Let's contrast double number lines and tables.

Exercise \(\PageIndex{1}\): Number Talk: Constant Divident

Find the quotients mentally.

\(150\div 2\)

\(150\div 4\)

\(150\div 8\)

Locate and label the quotients on the number line.

Exercise \(\PageIndex{2}\): Moving 3,000 Meters

The other day, we saw that Han can run 100 meters in 20 seconds.

Han wonders how long it would take him to run 3,000 meters at this rate. He made a table of equivalent ratios.

Do you agree that this table represents the situation? Explain your reasoning.

Table \(\PageIndex{1}\)
\(20\)	\(100\)
\(10\)	\(50\)
\(1\)	\(5\)
\(3,000\)

Complete the last row with the missing number.
What question about the situation does this number answer?
What could Han do to improve his table?

Priya can bike 150 meters in 20 seconds. At this rate, how long would it take her to bike 3,000 meters?

Table \(\PageIndex{2}\)

Priya’s neighbor has a dirt bike that can go 360 meters in 15 seconds. At this rate, how long would it take them to ride 3,000 meters?

Exercise \(\PageIndex{3}\): The International Space Station

The International Space Station orbits around the Earth at a constant speed. Your teacher will give you either a double number line or a table that represents this situation. Your partner will get the other representation.

Figure \(\PageIndex{2}\): International Space Station, by NASA. Public Domain. NASA. Source.

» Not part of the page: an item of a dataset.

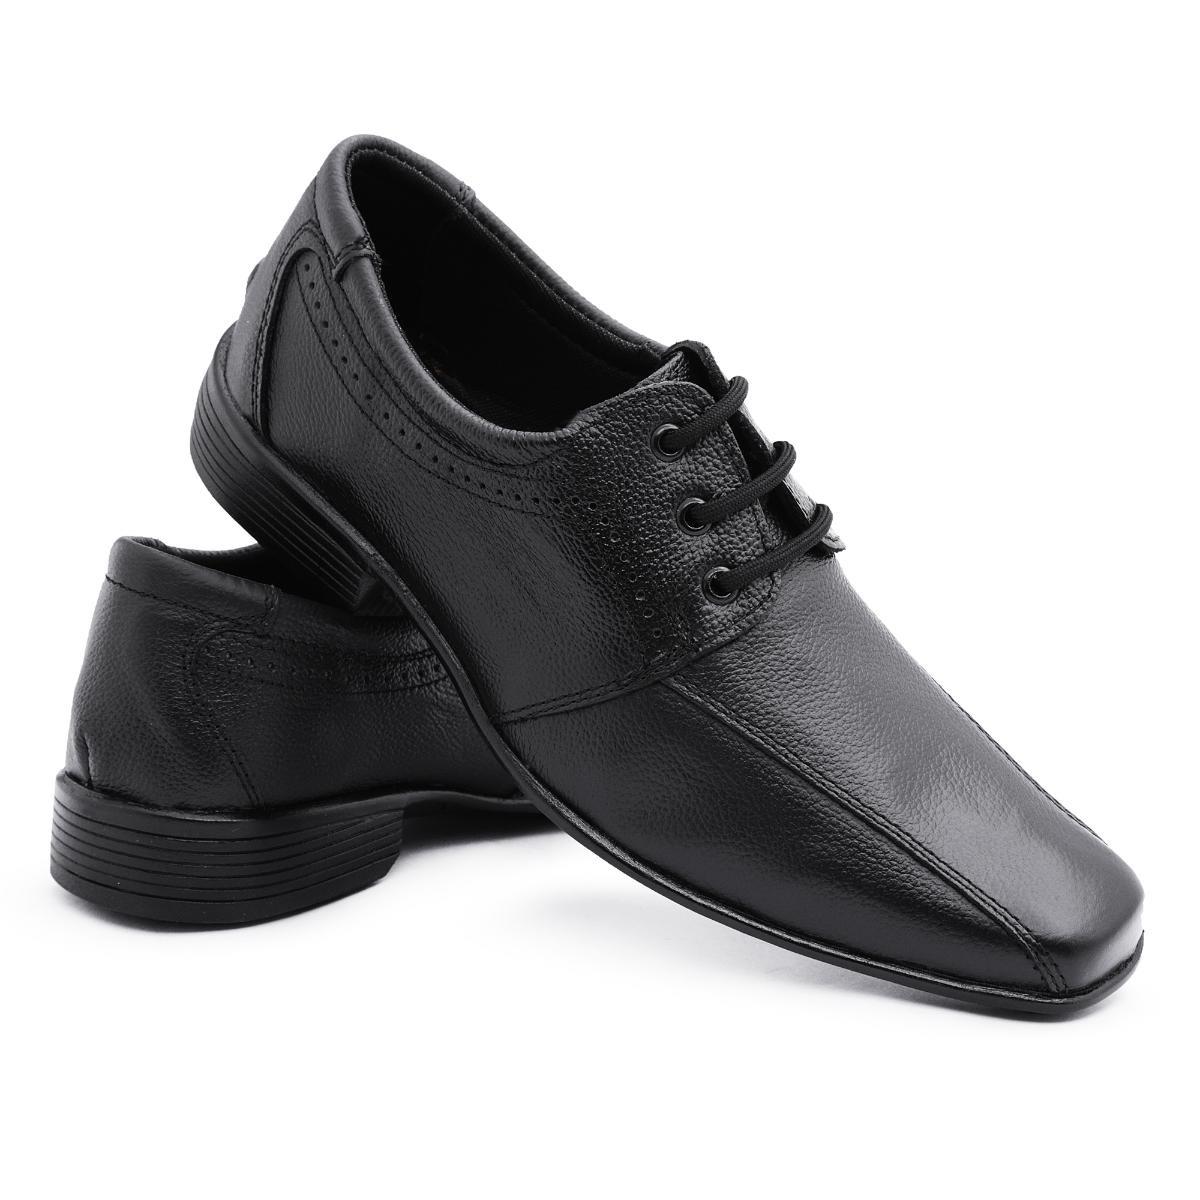 bb3fd23458 sapato social masculino clássico em couro vr. Carregando zoom.

Complete the parts of your representation that you can figure out for sure.
Share information with your partner, and use the information that your partner shares to complete your representation.
What is the speed of the International Space Station?
Place the two completed representations side by side. Discuss with your partner some ways in which they are the same and some ways in which they are different.
Record at least one way that they are the same and one way they are different.

Are you ready for more?

Earth’s circumference is about 40,000 kilometers and the orbit of the International Space Station is just a bit more than this. About how long does it take for the International Space Station to orbit Earth?

Summary

On a double number line diagram, we put labels in front of each line to tell what the numbers represent. On a table, we put labels at the top of each column to tell what the numbers represent.

Here are two different ways we can represent the situation: “A snail is moving at a constant speed down a sidewalk, traveling 6 centimeters per minute.”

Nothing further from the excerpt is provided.